Las imágenes de Nueva York y las del parque de atracciones son de una belleza extraordinaria. La historia del tranvía de caballos en un mundo de automóviles de gasolina es tierna como un bollo recién hecho. Sabe a repostería no industrial (qué lejos queda el Dunkin’ Donuts Hollywood de nuestros días).

La mala fortuna se ceba con los tortolitos. Los deja sin dinero. Un camión de mudanza los lleva en autostop. Harold y Jane colocan los muebles y aprovechan para jugar a las casitas, con sillón y perro. Harold está sin blanca y en el paro, pero nos hace sentir que todo irá de maravilla. Su voluntad de ser feliz es implacable.
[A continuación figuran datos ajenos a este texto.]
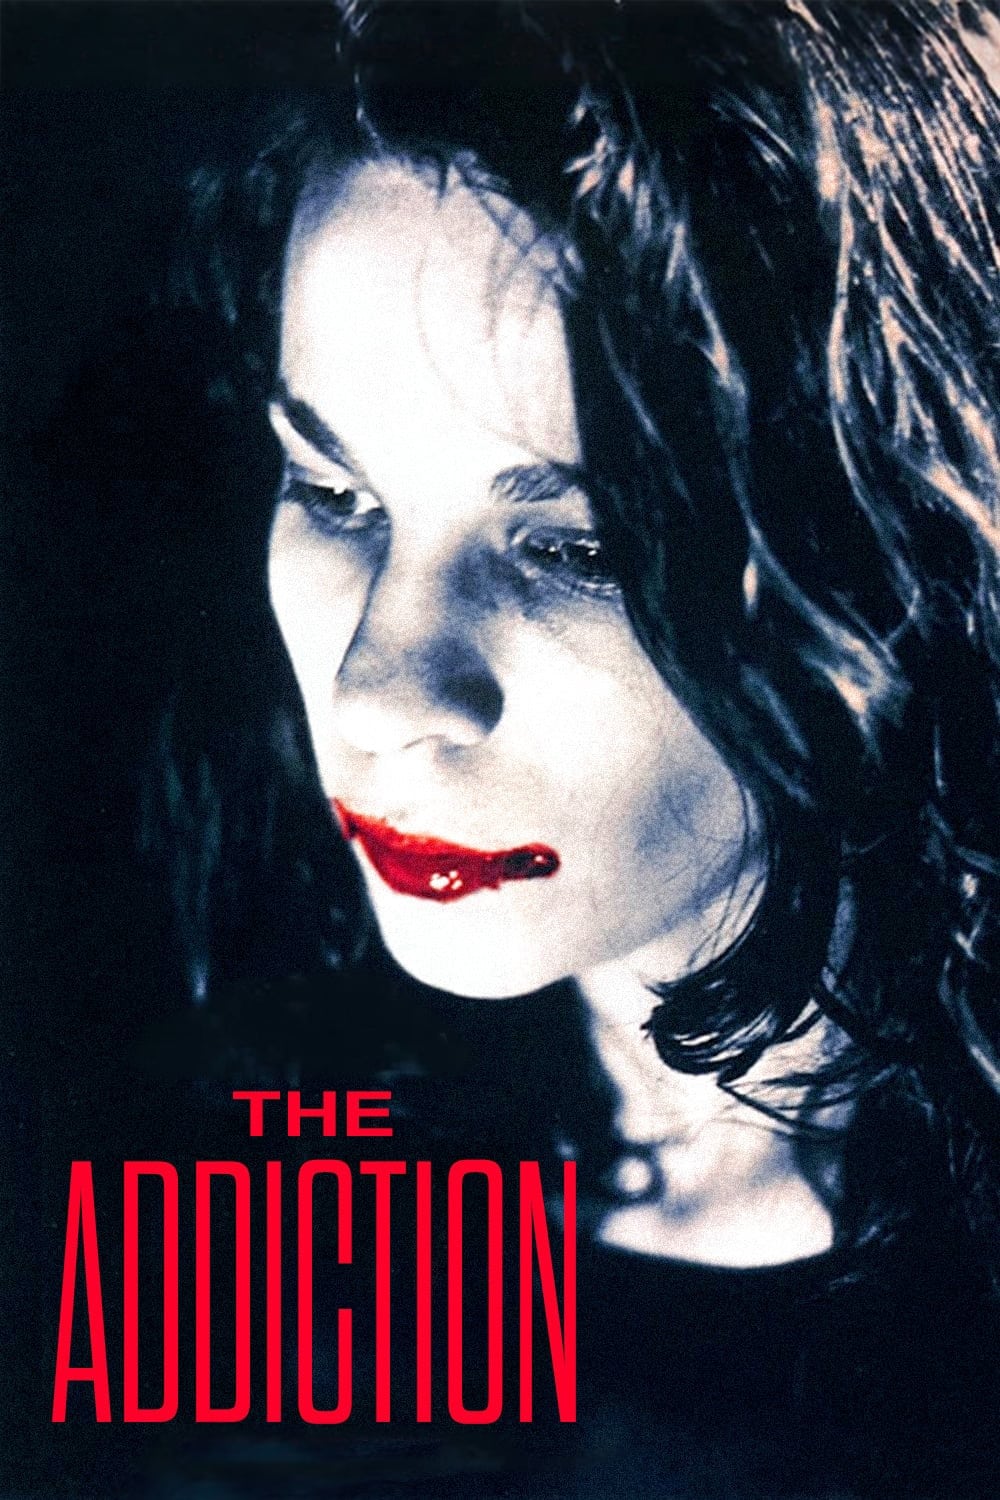 The Dark Is Their Sunlight - The Addiction (1995)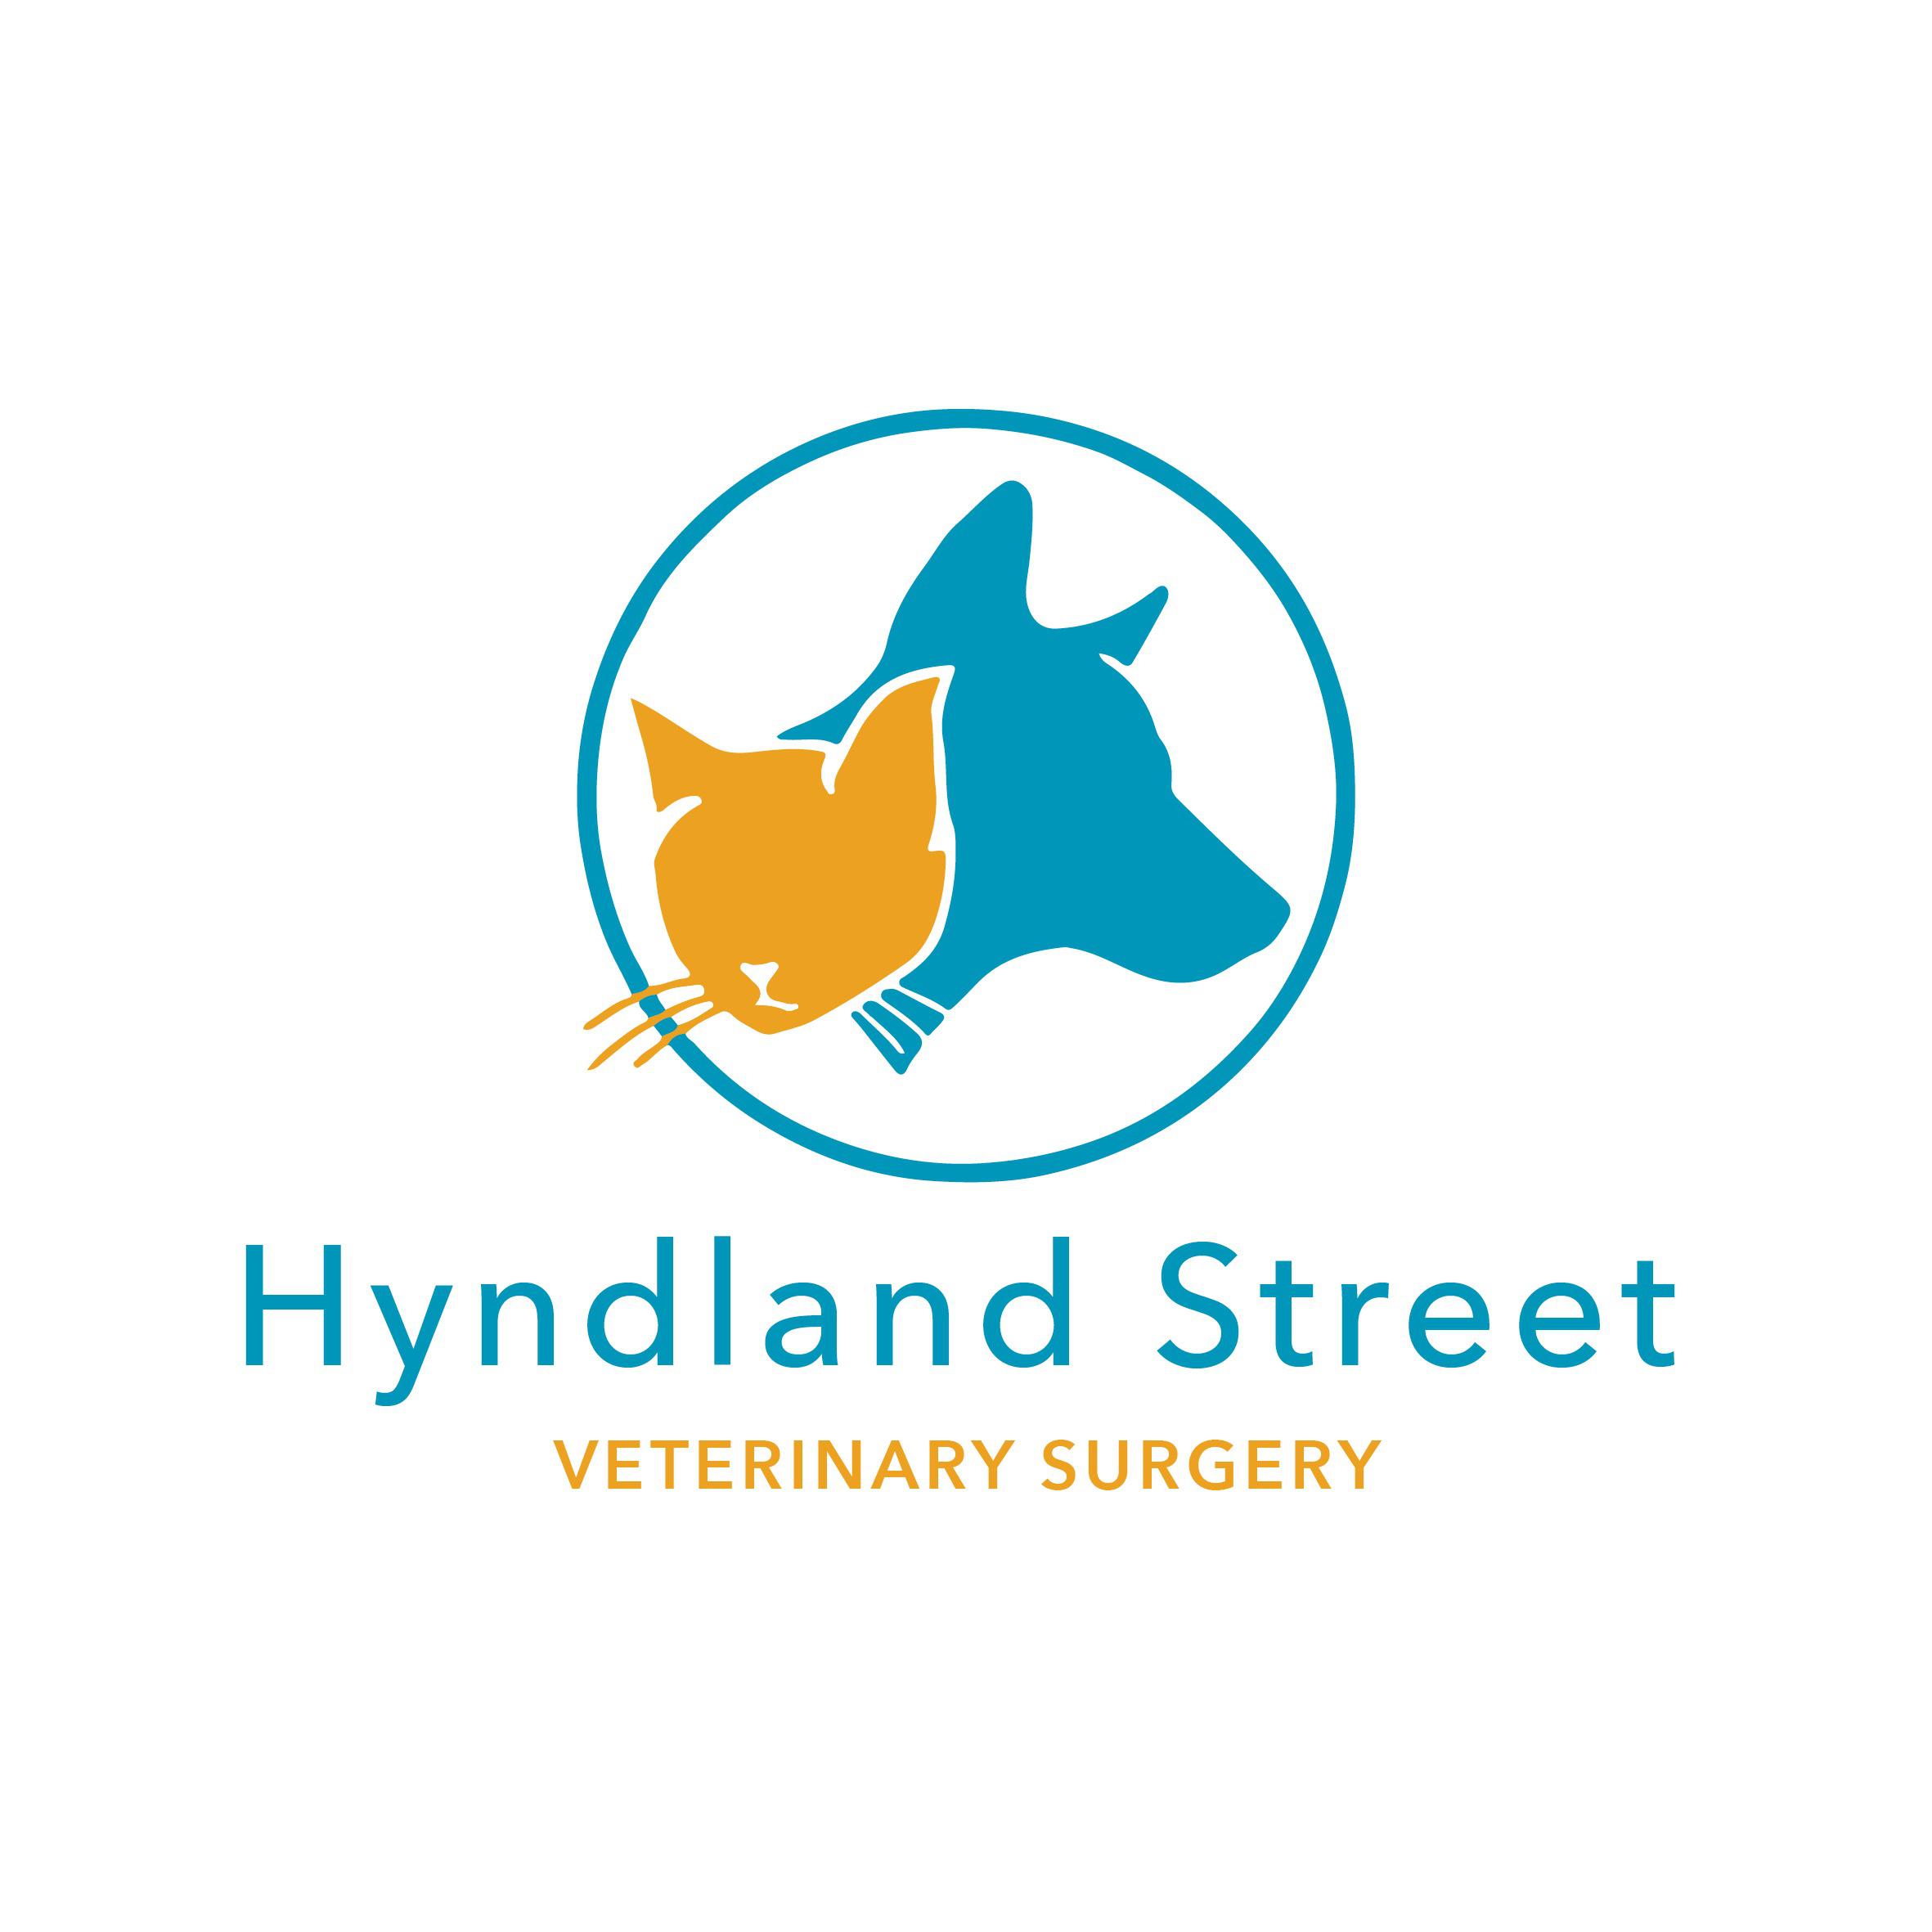 Hyndland Street Veterinary Surgery - Glasgow, Lanarkshire G11 5QF - 01413 573139 | ShowMeLocal.com

En las películas de Lloyd lo positivo es mucho más que un happy end. La felicidad abarca todo el recorrido, desborda en cada fotograma. Mientras vivimos en cualquiera de sus cintas, nos refugiamos en su edén de golpes y persecuciones –un tipo le da a otro un buen porrazo, lo noquea, lo reanima con agua, lo vuelve a noquear… y así hasta el infinito.

El hombre de las gafas circulares detiene el paso de las horas; nos devuelve al paraíso de la infancia. Por eso adoro a Harold Lloyd.